3. A Notice of Guaranteed Delivery to be used to accept the Offer if the Shares and all other required documents cannot be delivered to Continental Stock Transfer & Trust Company (the “Depositary”) by the expiration date of the Offer or if the procedure for book-entry transfer cannot be completed by the expiration date of the Offer;

4. A form of letter which may be sent to your clients for whose accounts you hold Shares registered in your name or in the name of your nominee, with space provided for obtaining such clients’ instructions with regard to the Offer; and

5. GreenLight’s (i) Solicitation/Recommendation Statement on Schedule 14D-9 and (ii) Transaction Statement on Schedule 13e-3 pursuant to Section 14(f) and Section 13(e) of the Securities Exchange Act of 1934.
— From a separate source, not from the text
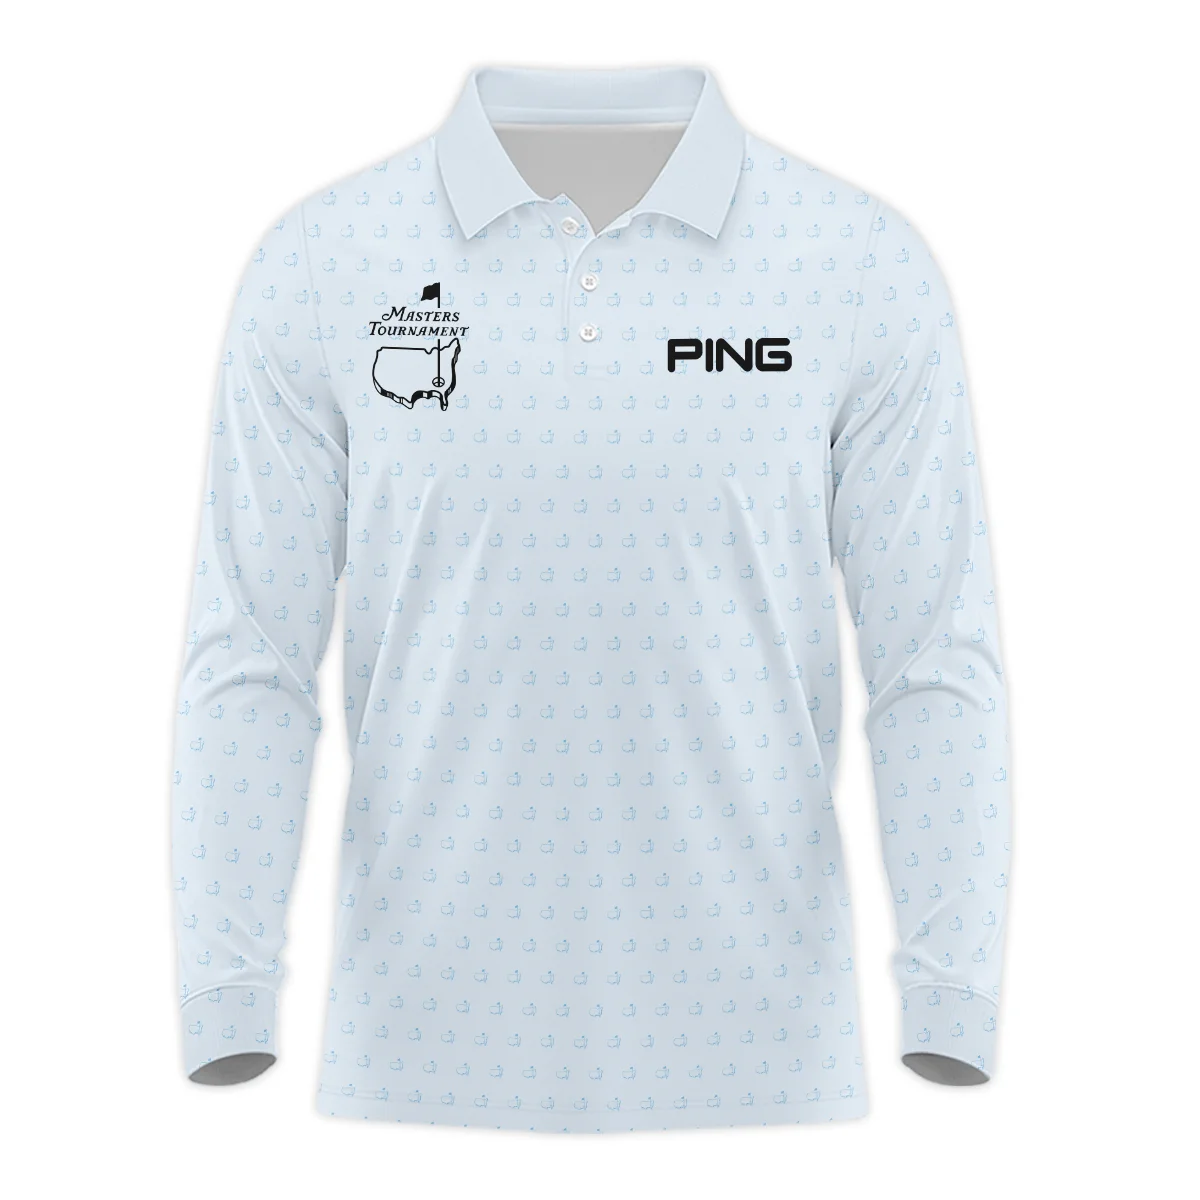 Pattern Masters Tournament Ping Hawaiian Shirt White Light Blue Color Pattern Logo  Oversized Hawaiian Shirt

Your prompt action is requested. We urge you to contact your clients as promptly as possible. Please note that the Offer and withdrawal rights will expire at one minute after 11:59 p.m., New York City time, on July 19, 2023, unless the Offer is extended or earlier terminated.
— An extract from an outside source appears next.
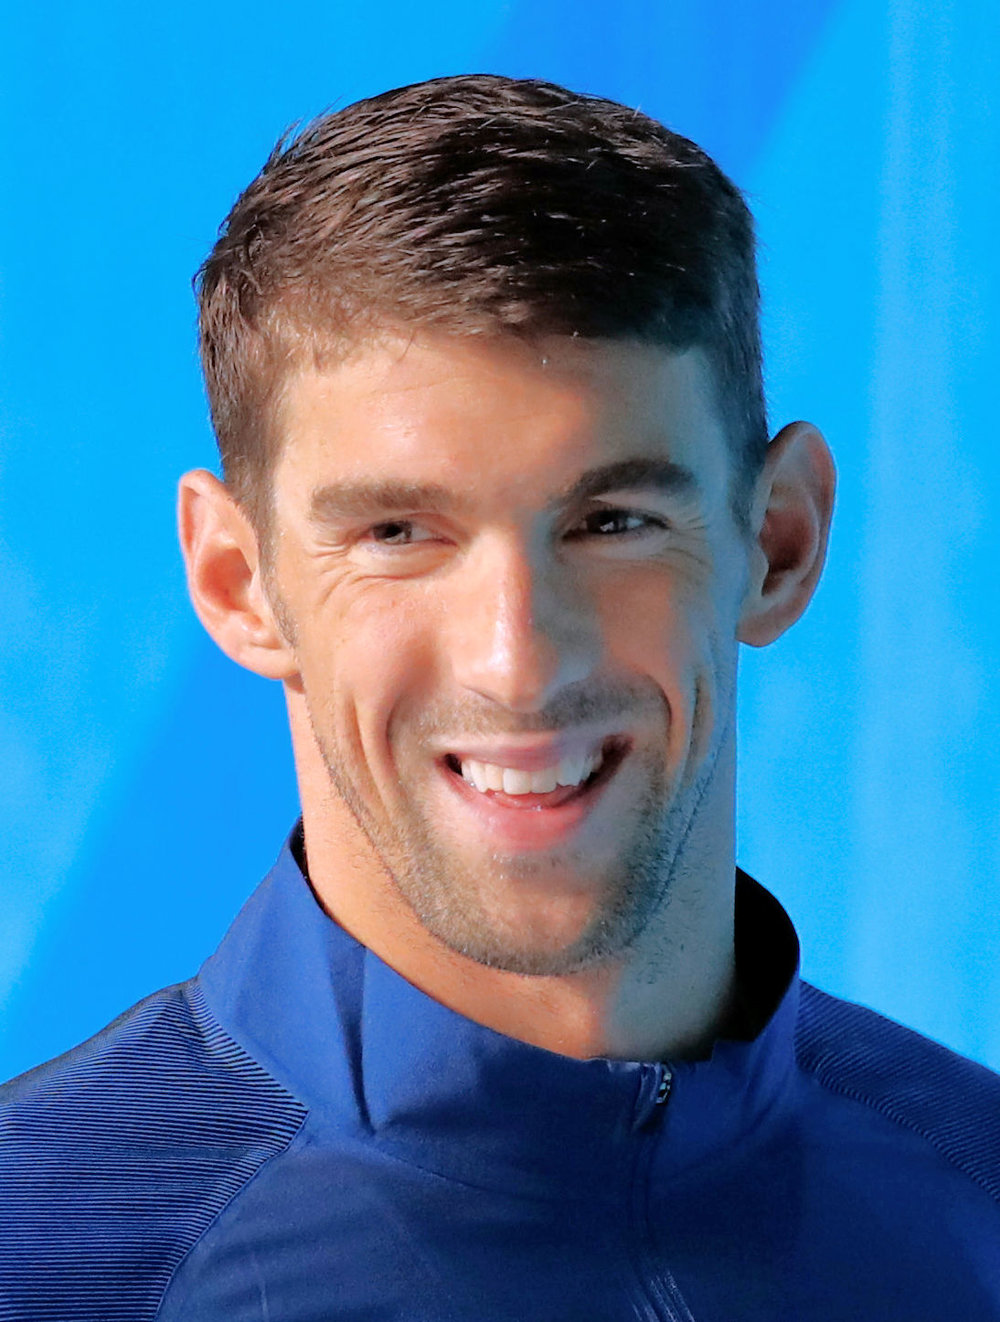  Michael Phelps Source: Wikipedia

For Shares to be properly tendered pursuant to the Offer, (a) the share certificates (if any) or confirmation of receipt of such Shares under the procedure for book-entry transfer through The Depository Trust Company (“DTC”), together with a properly completed and duly executed Letter of Transmittal, including any required signature guarantees, or an “Agent’s Message” (as defined in Section 3 of the Offer to Purchase) in the case of book-entry transfer through DTC, and any other documents required in the Letter of Transmittal, must be timely received by the Depositary or (b) the tendering stockholder must comply with the guaranteed delivery procedures, all in accordance with the Offer to Purchase and the Letter of Transmittal.

Purchaser will not pay any fees or commissions to any broker or dealer or other person (other than the Depositary and the Information Agent as described in the Offer to Purchase) for soliciting tenders of Shares pursuant to the Offer. Purchaser will, however, upon request, reimburse brokers, dealers, commercial banks and trust companies for reasonable and necessary costs and expenses incurred by them in forwarding materials to their customers. Purchaser will pay all stock transfer taxes applicable to its purchase of Shares pursuant to the Offer, subject to Instruction 6 of the Letter of Transmittal.

Any inquiries you may have with respect to the Offer should be addressed to, and additional copies of the enclosed materials may be obtained from, the undersigned at the addresses and telephone numbers set forth on the back cover of the Offer to Purchase.

Very truly yours,

Mackenzie Partners, Inc.

Nothing contained herein or in the enclosed documents shall render you the agent of the Purchaser, the Information Agent or the Depositary or any affiliate of any of them or authorize you or any other person to use any document or make any statement on behalf of any of them in connection with the Offer other than the enclosed documents and the statements contained therein.